| Data records |
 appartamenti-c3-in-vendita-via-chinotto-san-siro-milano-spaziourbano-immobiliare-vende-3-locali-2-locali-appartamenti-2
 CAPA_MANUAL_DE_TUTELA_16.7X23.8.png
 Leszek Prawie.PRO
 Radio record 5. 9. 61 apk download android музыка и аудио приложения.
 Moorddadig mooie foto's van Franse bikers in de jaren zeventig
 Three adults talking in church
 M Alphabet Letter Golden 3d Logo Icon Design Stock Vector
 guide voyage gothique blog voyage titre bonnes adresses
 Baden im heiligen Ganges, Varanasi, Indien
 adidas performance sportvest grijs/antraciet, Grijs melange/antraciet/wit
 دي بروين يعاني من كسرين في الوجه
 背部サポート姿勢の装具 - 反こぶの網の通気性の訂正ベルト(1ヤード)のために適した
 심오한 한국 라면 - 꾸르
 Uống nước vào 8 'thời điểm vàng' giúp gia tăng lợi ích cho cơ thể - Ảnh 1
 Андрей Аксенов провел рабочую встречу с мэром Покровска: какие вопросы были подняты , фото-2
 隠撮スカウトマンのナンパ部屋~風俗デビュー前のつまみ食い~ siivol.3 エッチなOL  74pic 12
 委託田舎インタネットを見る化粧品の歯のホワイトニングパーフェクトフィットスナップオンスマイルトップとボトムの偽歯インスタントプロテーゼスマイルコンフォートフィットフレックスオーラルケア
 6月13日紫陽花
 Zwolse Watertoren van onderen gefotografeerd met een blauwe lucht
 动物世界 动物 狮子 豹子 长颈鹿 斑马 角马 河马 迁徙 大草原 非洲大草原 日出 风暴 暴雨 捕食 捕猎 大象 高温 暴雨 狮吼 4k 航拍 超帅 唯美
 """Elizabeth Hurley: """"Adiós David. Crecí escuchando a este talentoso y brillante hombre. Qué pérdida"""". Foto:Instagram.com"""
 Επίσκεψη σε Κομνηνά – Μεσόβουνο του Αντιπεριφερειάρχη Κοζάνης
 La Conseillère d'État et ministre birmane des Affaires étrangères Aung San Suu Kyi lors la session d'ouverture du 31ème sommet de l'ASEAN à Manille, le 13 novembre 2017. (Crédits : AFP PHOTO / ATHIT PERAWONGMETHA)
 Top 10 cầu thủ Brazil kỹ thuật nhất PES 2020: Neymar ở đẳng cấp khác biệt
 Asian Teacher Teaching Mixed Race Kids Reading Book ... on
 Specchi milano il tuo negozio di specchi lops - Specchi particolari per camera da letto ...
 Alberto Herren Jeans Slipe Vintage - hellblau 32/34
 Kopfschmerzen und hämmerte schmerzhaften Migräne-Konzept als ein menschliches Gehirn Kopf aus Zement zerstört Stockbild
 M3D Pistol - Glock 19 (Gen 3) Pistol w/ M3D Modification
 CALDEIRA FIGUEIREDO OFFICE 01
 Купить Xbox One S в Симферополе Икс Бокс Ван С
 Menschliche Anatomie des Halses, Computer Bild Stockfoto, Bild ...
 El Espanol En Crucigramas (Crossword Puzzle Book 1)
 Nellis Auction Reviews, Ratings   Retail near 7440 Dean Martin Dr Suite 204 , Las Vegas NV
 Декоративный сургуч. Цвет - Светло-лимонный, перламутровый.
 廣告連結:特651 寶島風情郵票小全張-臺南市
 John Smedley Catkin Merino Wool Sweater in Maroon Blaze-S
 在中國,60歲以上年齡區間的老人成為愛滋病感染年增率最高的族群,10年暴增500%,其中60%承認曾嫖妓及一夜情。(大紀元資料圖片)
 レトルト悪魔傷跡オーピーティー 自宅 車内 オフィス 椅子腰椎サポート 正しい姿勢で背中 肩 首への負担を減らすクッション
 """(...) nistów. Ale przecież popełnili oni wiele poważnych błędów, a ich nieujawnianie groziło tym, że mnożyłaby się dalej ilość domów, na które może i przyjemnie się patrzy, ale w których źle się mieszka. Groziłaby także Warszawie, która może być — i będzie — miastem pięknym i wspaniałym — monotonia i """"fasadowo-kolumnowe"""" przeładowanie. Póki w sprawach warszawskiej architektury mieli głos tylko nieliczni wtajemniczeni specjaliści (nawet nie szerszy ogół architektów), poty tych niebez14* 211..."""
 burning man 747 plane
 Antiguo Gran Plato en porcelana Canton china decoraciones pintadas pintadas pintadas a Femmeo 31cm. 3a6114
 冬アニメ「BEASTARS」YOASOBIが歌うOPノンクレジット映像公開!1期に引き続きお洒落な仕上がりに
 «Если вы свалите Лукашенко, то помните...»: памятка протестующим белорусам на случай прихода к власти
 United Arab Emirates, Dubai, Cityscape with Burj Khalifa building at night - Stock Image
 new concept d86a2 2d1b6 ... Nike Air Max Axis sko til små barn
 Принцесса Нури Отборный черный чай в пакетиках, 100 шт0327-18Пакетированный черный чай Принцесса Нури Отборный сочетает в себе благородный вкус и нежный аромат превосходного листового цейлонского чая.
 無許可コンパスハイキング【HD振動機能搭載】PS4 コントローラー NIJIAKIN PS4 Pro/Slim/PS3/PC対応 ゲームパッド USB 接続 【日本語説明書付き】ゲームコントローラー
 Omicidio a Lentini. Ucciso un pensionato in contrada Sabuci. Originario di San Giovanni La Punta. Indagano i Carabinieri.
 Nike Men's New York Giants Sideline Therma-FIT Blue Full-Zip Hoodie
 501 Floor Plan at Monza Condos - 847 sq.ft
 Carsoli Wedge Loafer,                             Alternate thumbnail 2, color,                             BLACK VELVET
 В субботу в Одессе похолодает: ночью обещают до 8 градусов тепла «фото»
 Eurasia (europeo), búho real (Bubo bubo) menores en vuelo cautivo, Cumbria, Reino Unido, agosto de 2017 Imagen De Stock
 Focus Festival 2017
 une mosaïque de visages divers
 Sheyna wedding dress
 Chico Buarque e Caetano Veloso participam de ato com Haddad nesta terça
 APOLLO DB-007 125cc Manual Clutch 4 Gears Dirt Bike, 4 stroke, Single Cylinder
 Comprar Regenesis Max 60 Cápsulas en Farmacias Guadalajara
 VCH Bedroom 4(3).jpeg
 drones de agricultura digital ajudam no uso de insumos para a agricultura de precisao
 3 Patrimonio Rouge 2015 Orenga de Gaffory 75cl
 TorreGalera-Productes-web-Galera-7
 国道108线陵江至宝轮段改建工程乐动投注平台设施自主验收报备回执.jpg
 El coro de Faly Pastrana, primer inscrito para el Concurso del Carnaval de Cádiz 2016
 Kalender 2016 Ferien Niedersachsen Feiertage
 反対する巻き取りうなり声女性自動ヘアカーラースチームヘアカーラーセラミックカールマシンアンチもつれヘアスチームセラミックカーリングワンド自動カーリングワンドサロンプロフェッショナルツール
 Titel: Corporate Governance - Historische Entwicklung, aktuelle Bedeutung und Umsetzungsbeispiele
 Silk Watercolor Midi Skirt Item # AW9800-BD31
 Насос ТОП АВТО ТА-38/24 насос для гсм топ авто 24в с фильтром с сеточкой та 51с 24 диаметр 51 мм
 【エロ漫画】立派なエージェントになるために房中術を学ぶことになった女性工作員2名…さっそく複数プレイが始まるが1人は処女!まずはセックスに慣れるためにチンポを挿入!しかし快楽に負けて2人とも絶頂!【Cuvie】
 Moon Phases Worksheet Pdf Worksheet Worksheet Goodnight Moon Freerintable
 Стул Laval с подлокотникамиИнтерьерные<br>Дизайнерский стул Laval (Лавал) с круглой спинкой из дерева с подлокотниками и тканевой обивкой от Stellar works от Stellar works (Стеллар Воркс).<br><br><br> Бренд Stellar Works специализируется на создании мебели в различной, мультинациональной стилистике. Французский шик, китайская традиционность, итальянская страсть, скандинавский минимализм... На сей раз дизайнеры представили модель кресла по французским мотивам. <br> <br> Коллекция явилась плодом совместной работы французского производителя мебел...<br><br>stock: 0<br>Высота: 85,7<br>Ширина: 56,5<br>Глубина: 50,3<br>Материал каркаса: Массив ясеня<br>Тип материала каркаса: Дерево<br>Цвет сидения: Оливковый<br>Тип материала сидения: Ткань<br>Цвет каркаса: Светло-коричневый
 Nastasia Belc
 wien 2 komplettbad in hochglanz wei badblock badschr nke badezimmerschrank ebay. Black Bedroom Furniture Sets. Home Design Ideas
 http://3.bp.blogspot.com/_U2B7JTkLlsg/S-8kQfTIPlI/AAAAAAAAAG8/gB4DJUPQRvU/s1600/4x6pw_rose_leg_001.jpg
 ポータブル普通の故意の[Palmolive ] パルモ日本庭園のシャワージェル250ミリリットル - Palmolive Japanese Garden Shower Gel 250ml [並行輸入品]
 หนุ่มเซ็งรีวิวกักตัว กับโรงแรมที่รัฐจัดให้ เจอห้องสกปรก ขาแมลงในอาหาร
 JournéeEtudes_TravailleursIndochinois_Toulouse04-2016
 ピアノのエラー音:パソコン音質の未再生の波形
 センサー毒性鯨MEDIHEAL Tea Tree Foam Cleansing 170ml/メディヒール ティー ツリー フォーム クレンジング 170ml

| DIRECTIONS FOR THIS TASK |
What is needed is a verbatim copy of every line in the records above from the one containing "David. Crecí escuchando" down to the one containing "John Smedley Catkin", both included, and nothing more.

| EXERCISE RESPONSE |
 """Elizabeth Hurley: """"Adiós David. Crecí escuchando a este talentoso y brillante hombre. Qué pérdida"""". Foto:Instagram.com"""
 Επίσκεψη σε Κομνηνά – Μεσόβουνο του Αντιπεριφερειάρχη Κοζάνης
 La Conseillère d'État et ministre birmane des Affaires étrangères Aung San Suu Kyi lors la session d'ouverture du 31ème sommet de l'ASEAN à Manille, le 13 novembre 2017. (Crédits : AFP PHOTO / ATHIT PERAWONGMETHA)
 Top 10 cầu thủ Brazil kỹ thuật nhất PES 2020: Neymar ở đẳng cấp khác biệt
 Asian Teacher Teaching Mixed Race Kids Reading Book ... on
 Specchi milano il tuo negozio di specchi lops - Specchi particolari per camera da letto ...
 Alberto Herren Jeans Slipe Vintage - hellblau 32/34
 Kopfschmerzen und hämmerte schmerzhaften Migräne-Konzept als ein menschliches Gehirn Kopf aus Zement zerstört Stockbild
 M3D Pistol - Glock 19 (Gen 3) Pistol w/ M3D Modification
 CALDEIRA FIGUEIREDO OFFICE 01
 Купить Xbox One S в Симферополе Икс Бокс Ван С
 Menschliche Anatomie des Halses, Computer Bild Stockfoto, Bild ...
 El Espanol En Crucigramas (Crossword Puzzle Book 1)
 Nellis Auction Reviews, Ratings   Retail near 7440 Dean Martin Dr Suite 204 , Las Vegas NV
 Декоративный сургуч. Цвет - Светло-лимонный, перламутровый.
 廣告連結:特651 寶島風情郵票小全張-臺南市
 John Smedley Catkin Merino Wool Sweater in Maroon Blaze-S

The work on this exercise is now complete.